▶ The data
┄┄┄┄┄┄┄┄┄┄┄┄┄┄┄┄┄┄┄┄

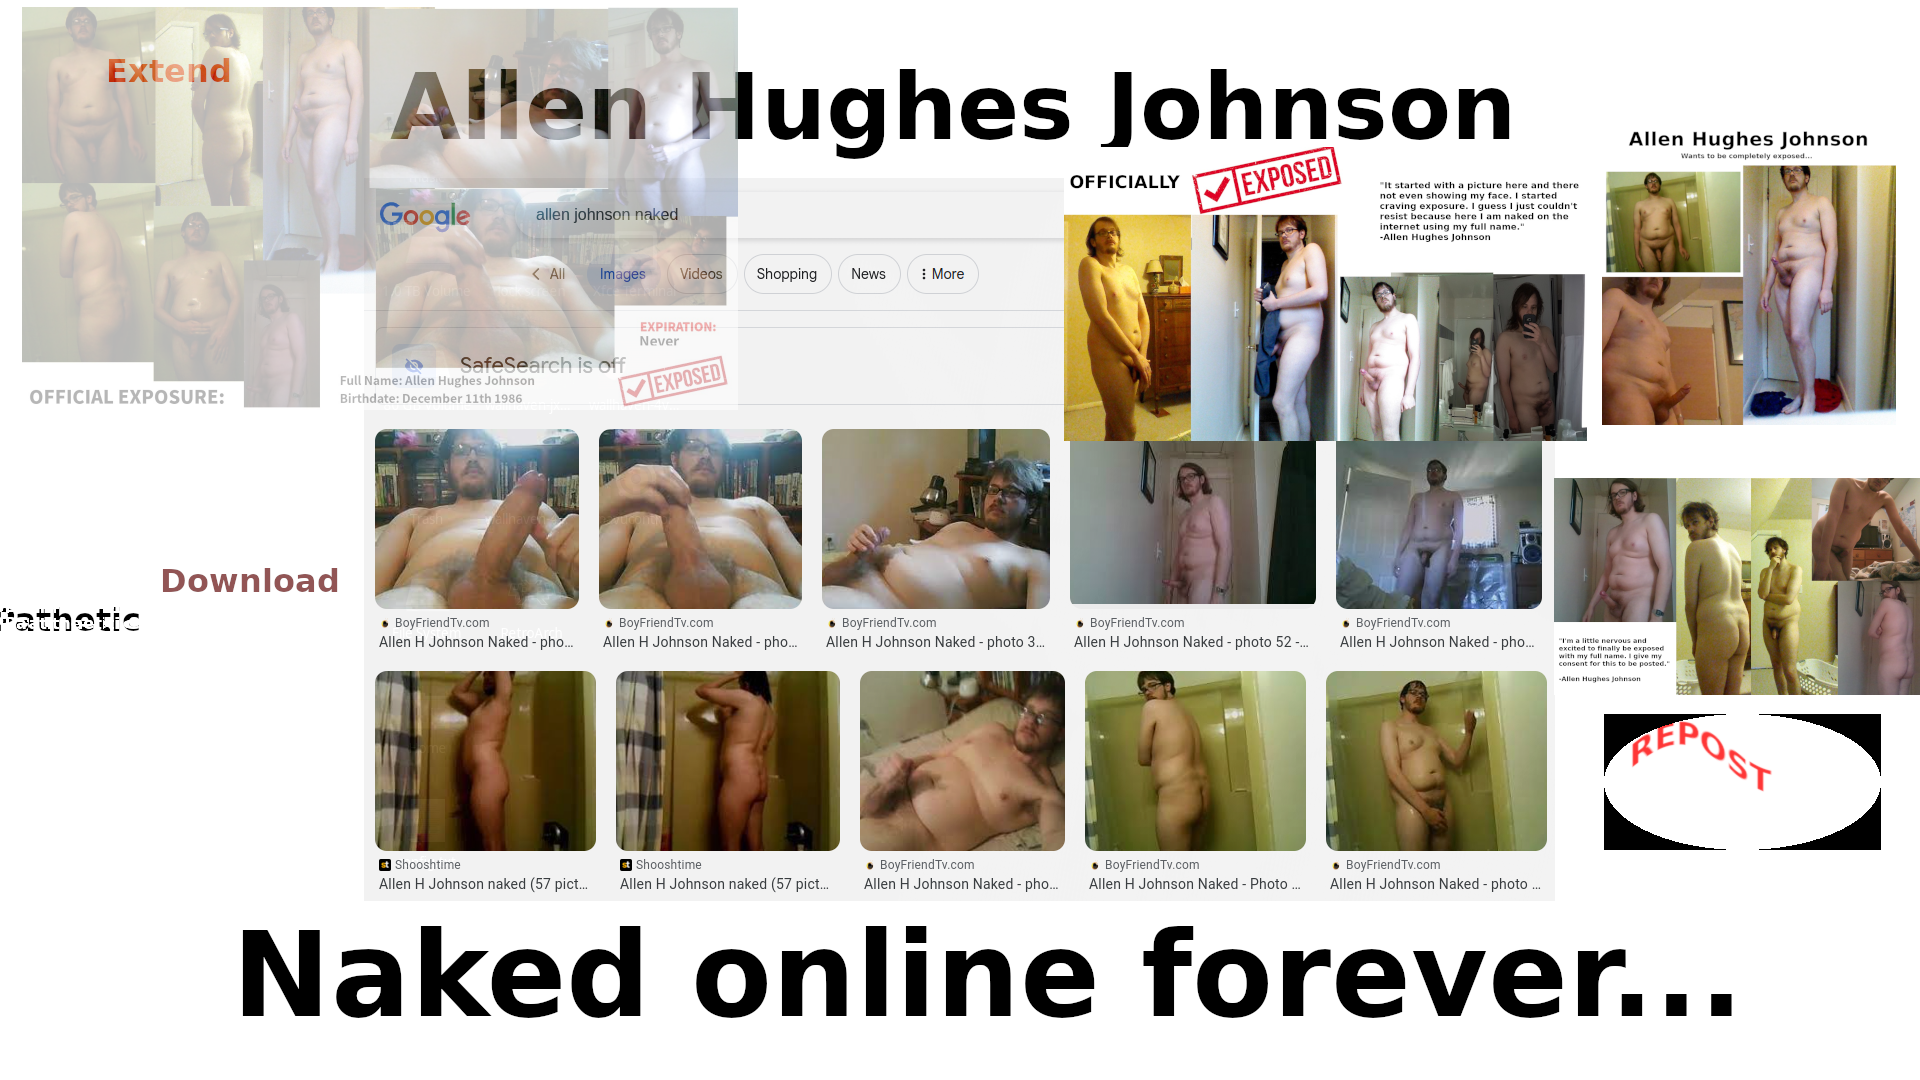 more Allen Hughes Johnson
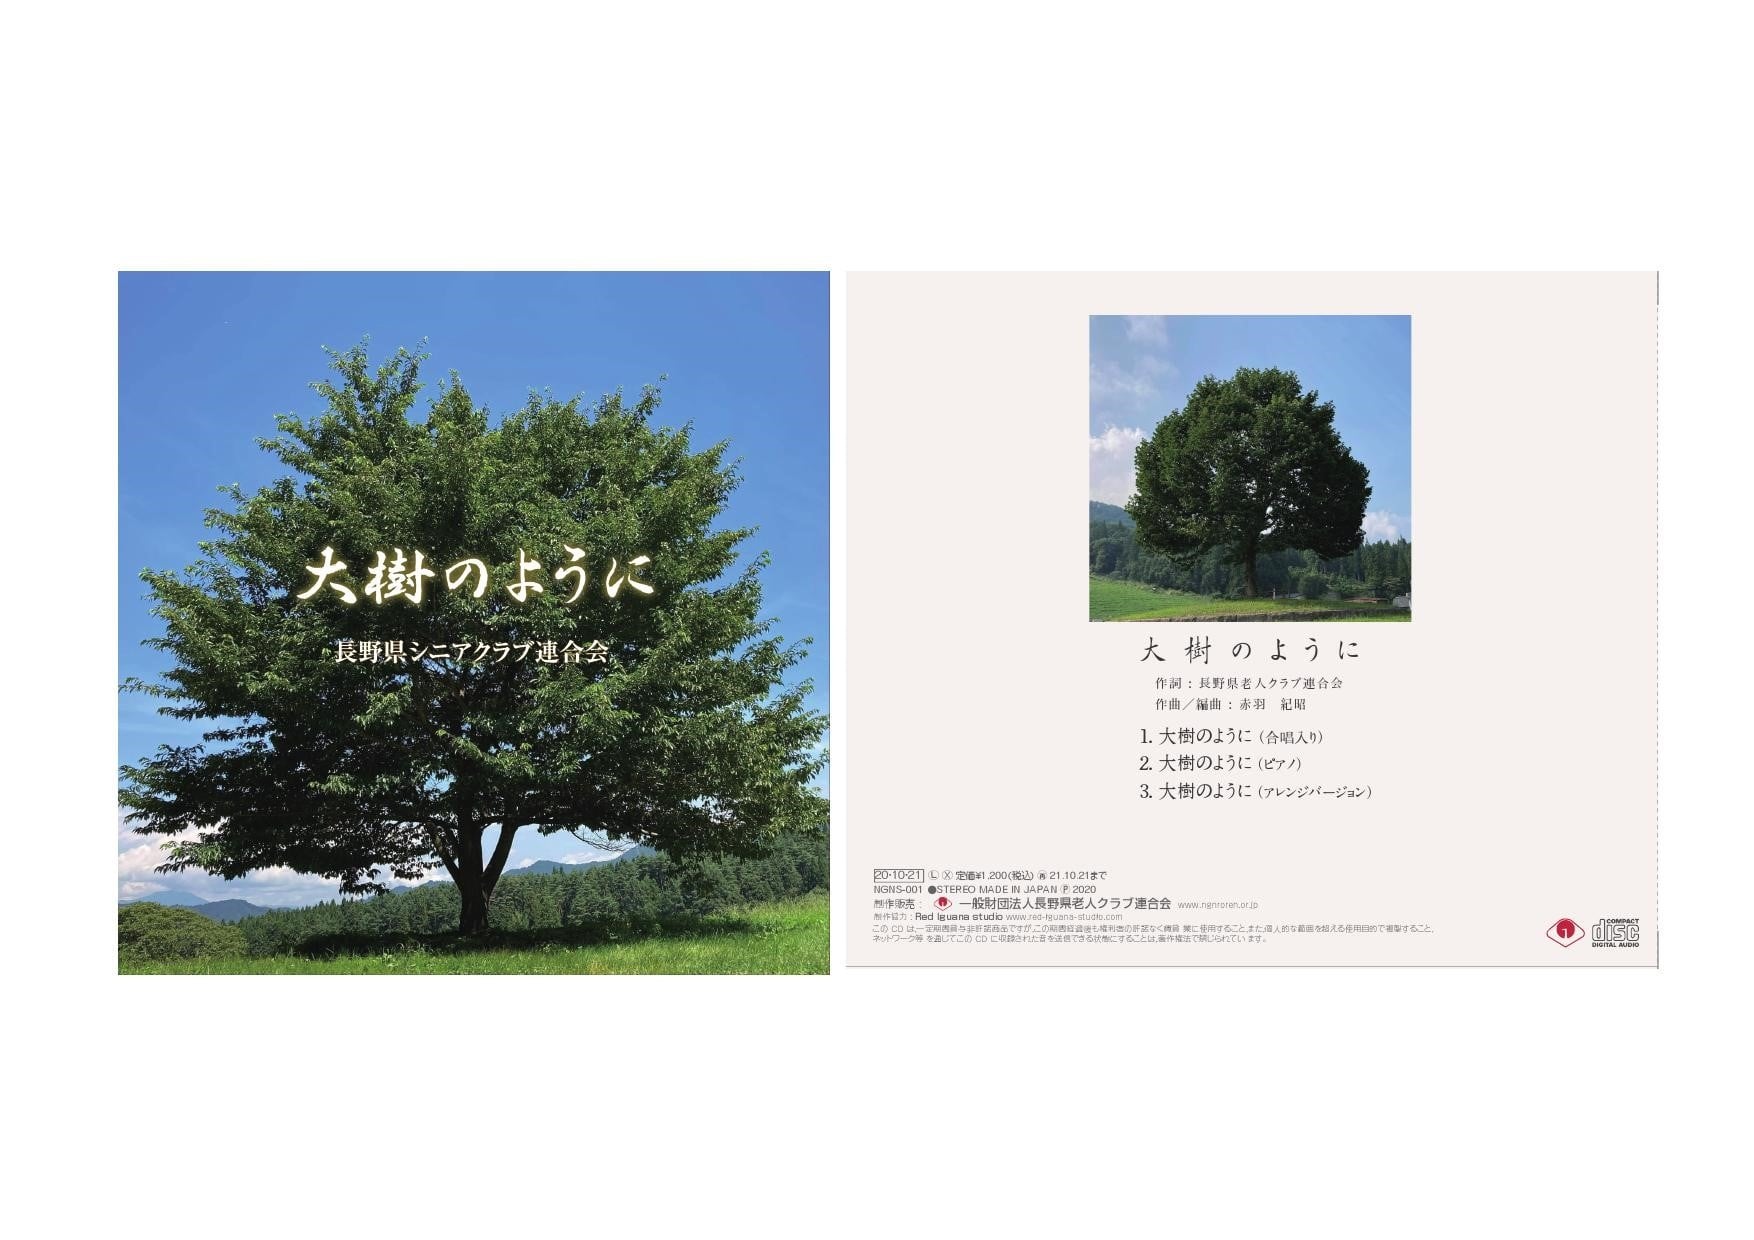 長野県老人クラブ連合会の新たなテーマソング『大樹のように』が完成
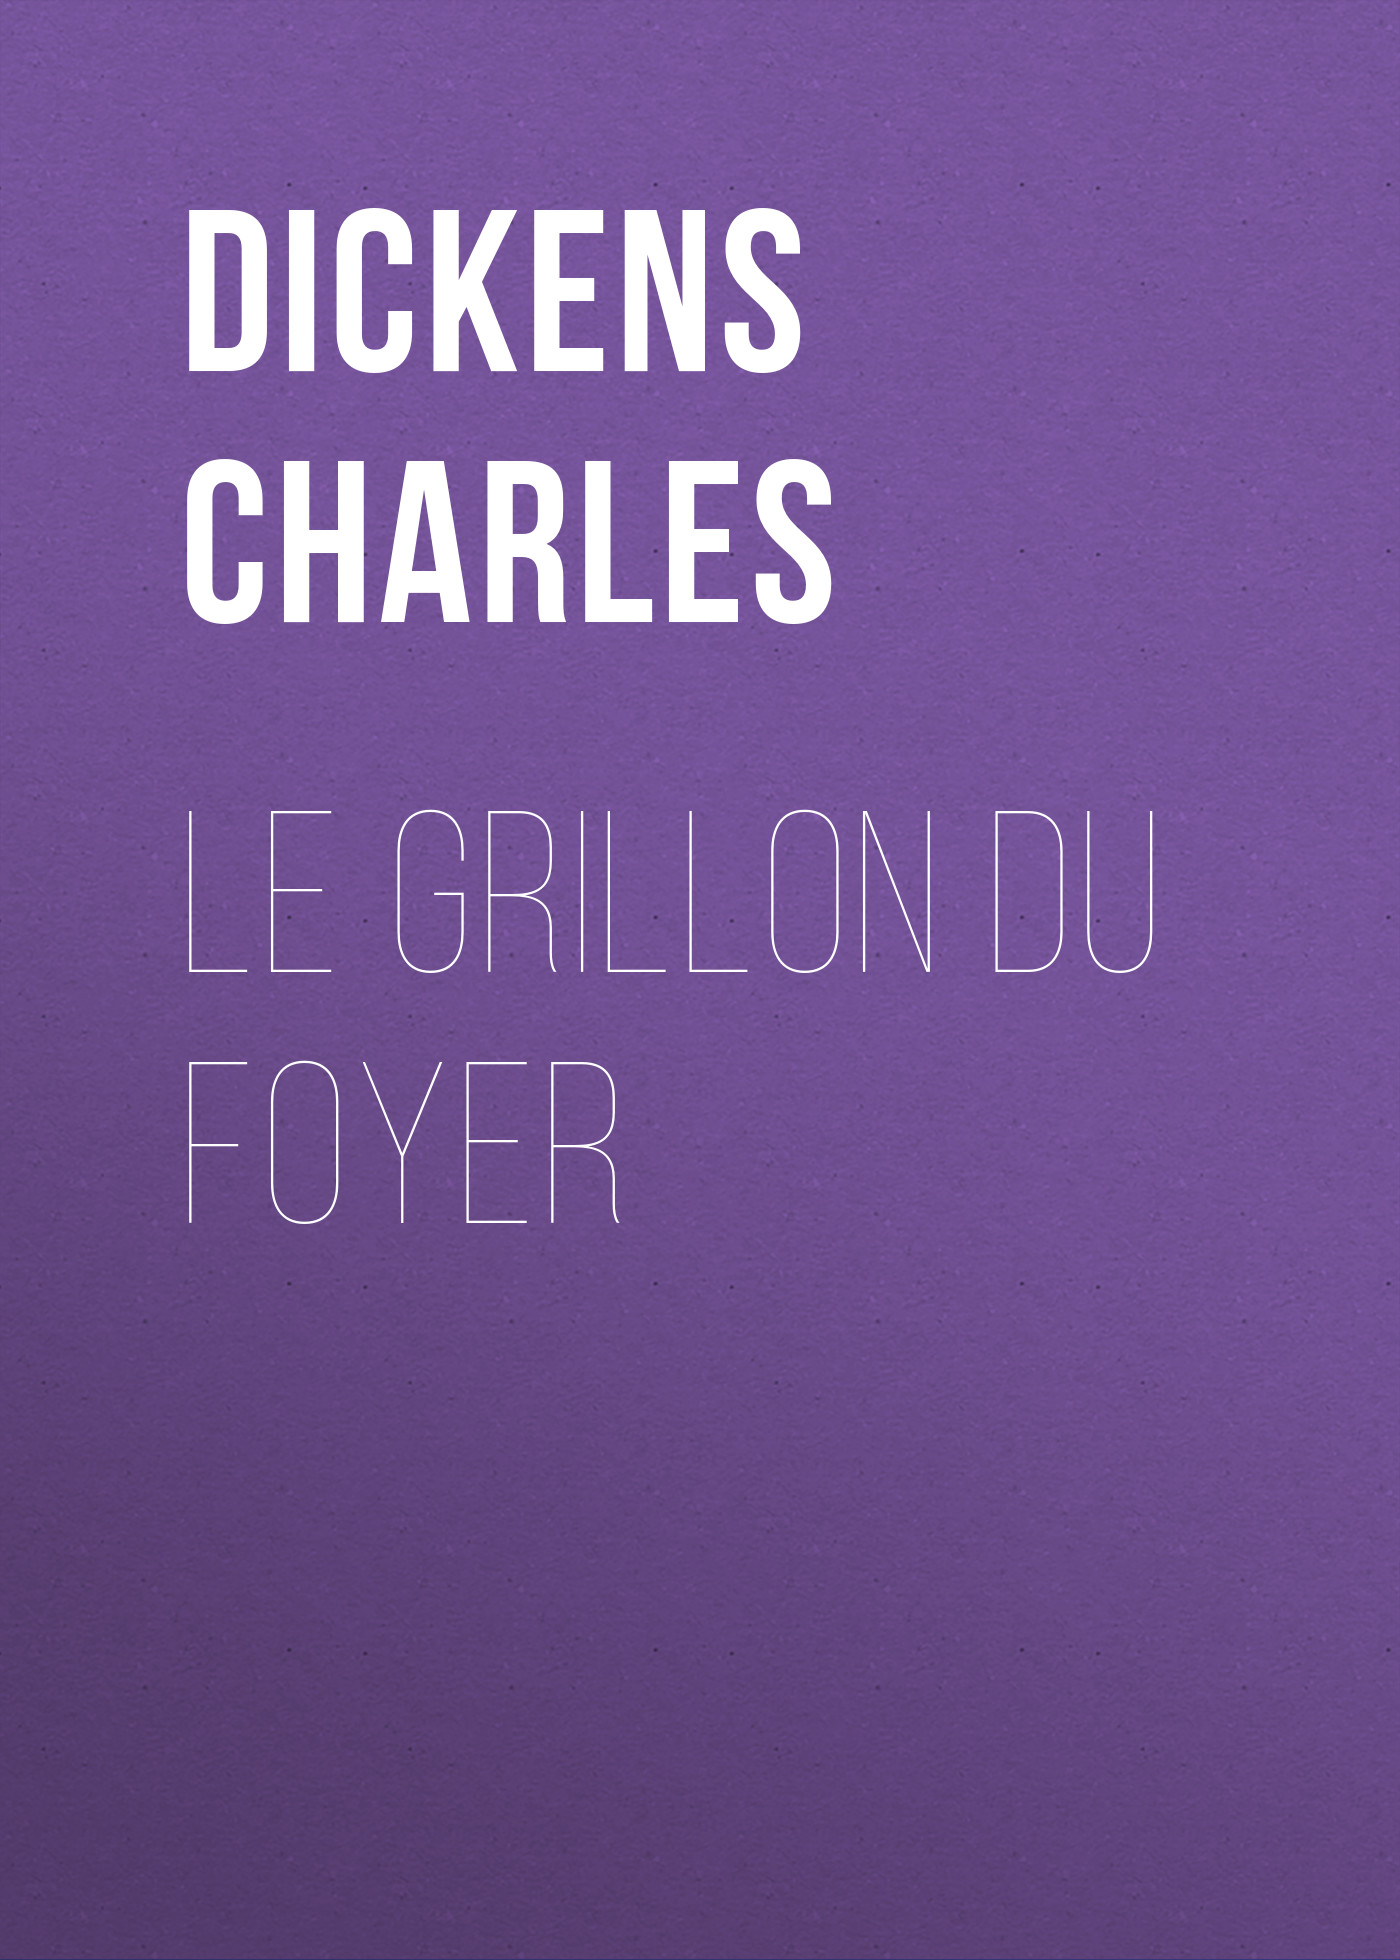 Книга Le grillon du foyer из серии , созданная Charles Dickens, может относится к жанру Зарубежная старинная литература, Зарубежная классика. Стоимость электронной книги Le grillon du foyer с идентификатором 25092884 составляет 0 руб.
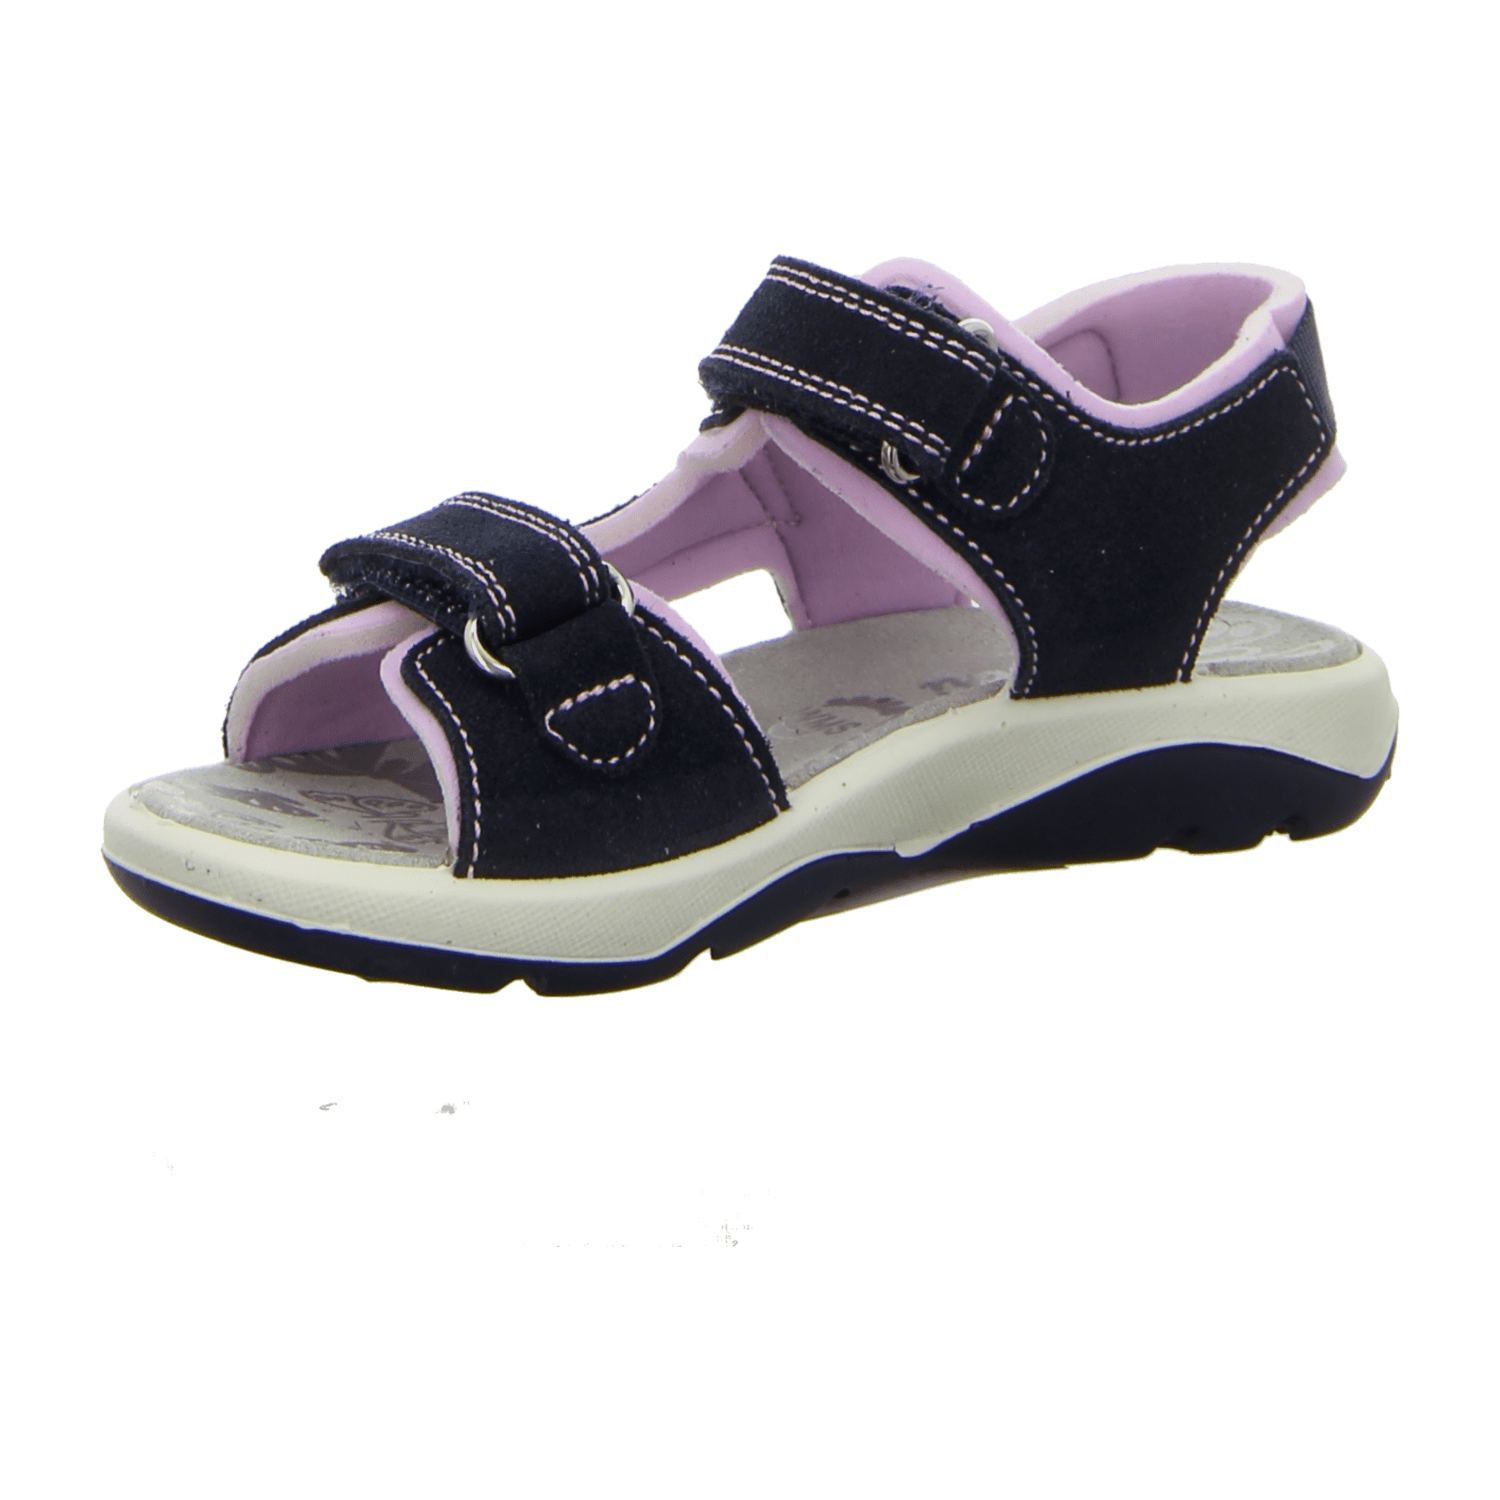 Lurchi Kinder Sandalen für Mädchen kaufen

┄┄┄┄┄┄┄┄┄┄┄┄┄┄┄┄┄┄┄┄

▶ Aim of the exercise
Copy all the material above exactly, but skip each image.

▶ Answer to this exercise
 more Allen Hughes Johnson
 長野県老人クラブ連合会の新たなテーマソング『大樹のように』が完成
 Книга Le grillon du foyer из серии , созданная Charles Dickens, может относится к жанру Зарубежная старинная литература, Зарубежная классика. Стоимость электронной книги Le grillon du foyer с идентификатором 25092884 составляет 0 руб.
 Lurchi Kinder Sandalen für Mädchen kaufen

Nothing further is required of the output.